Shangri-La Dialogue: Japan disowns outspoken mayor's comfort women remarks

SINGAPORE (AFP) - Japan's defence minister on Saturday disowned remarks by an outspoken Japanese mayor who said "comfort women" forced to provide sex during World War II were a military necessity.

The administration of Prime Minister Shinzo Abe "never commits to such remarks or recognition of history", Mr Itsunori Onodera told an Asian security conference attended by nations invaded by Japan during that war.

Osaka Mayor Toru Hashimoto prompted outrage at home and abroad by suggesting in May that battle-stressed soldiers during World War II needed the services of up to 200,000 sex slaves from Korea, China, the Philippines and elsewhere.

"In the past, Japan caused tremendous damage and suffering to the people of many countries, particularly to those of Asian nations," Mr Onodera told the security forum in Singapore known as the Shangri-La Dialogue.

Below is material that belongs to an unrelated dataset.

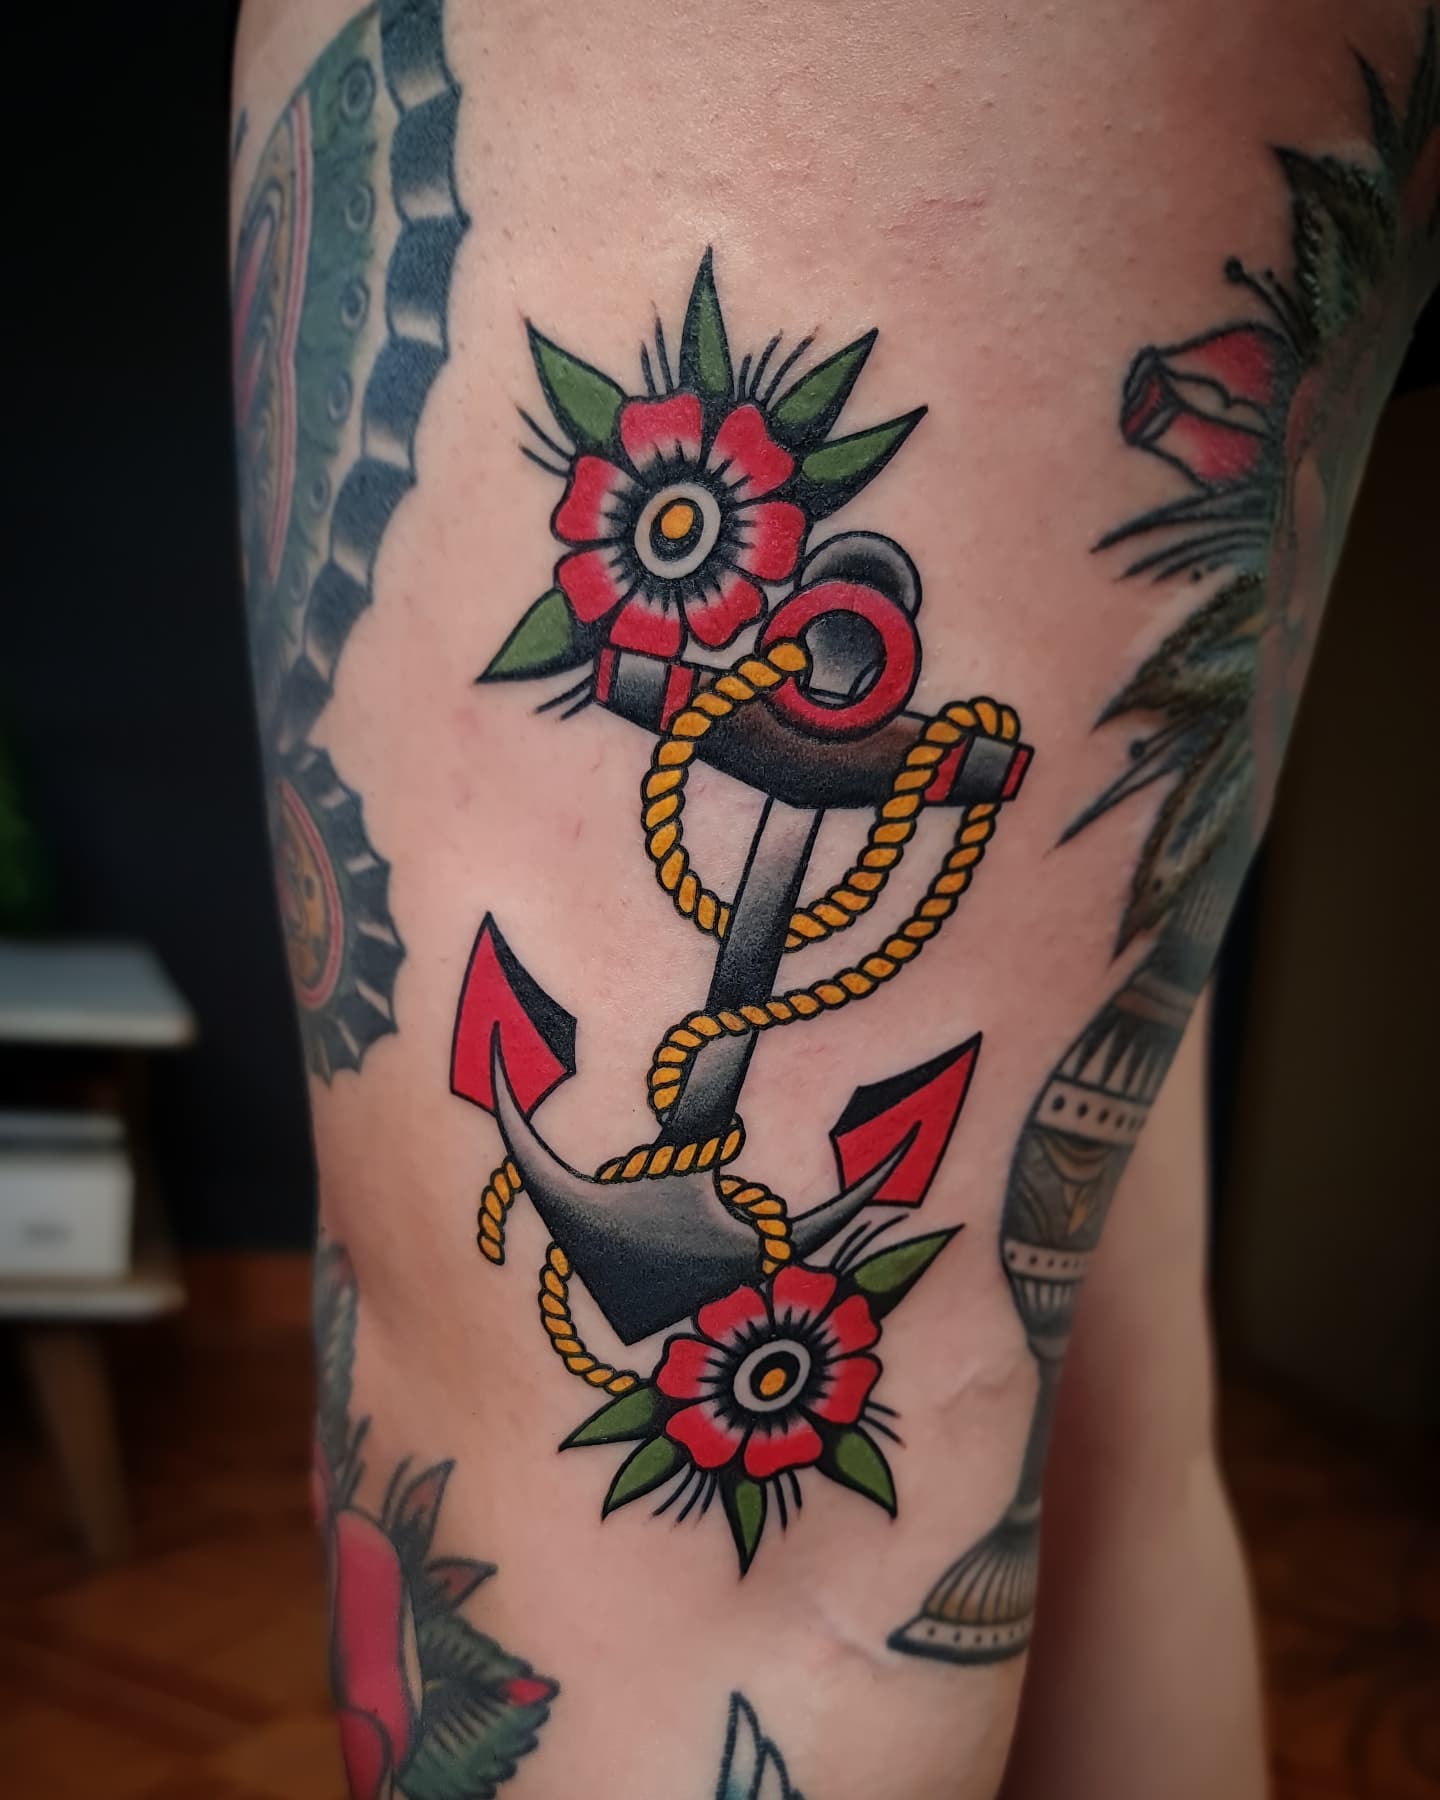 traditional anchor tattoo for women

"Consecutive Japanese governments have humbly acknowledged such historical facts, expressed deep remorse and genuine apologies," the minister added.

The Osaka mayor has cancelled a trip to the United States after US officials denounced his remarks as "outrageous and offensive".

He also retracted advice he gave to US military commanders in Japan that they should let their troops use licensed sex businesses as part of what he called a crime reduction strategy.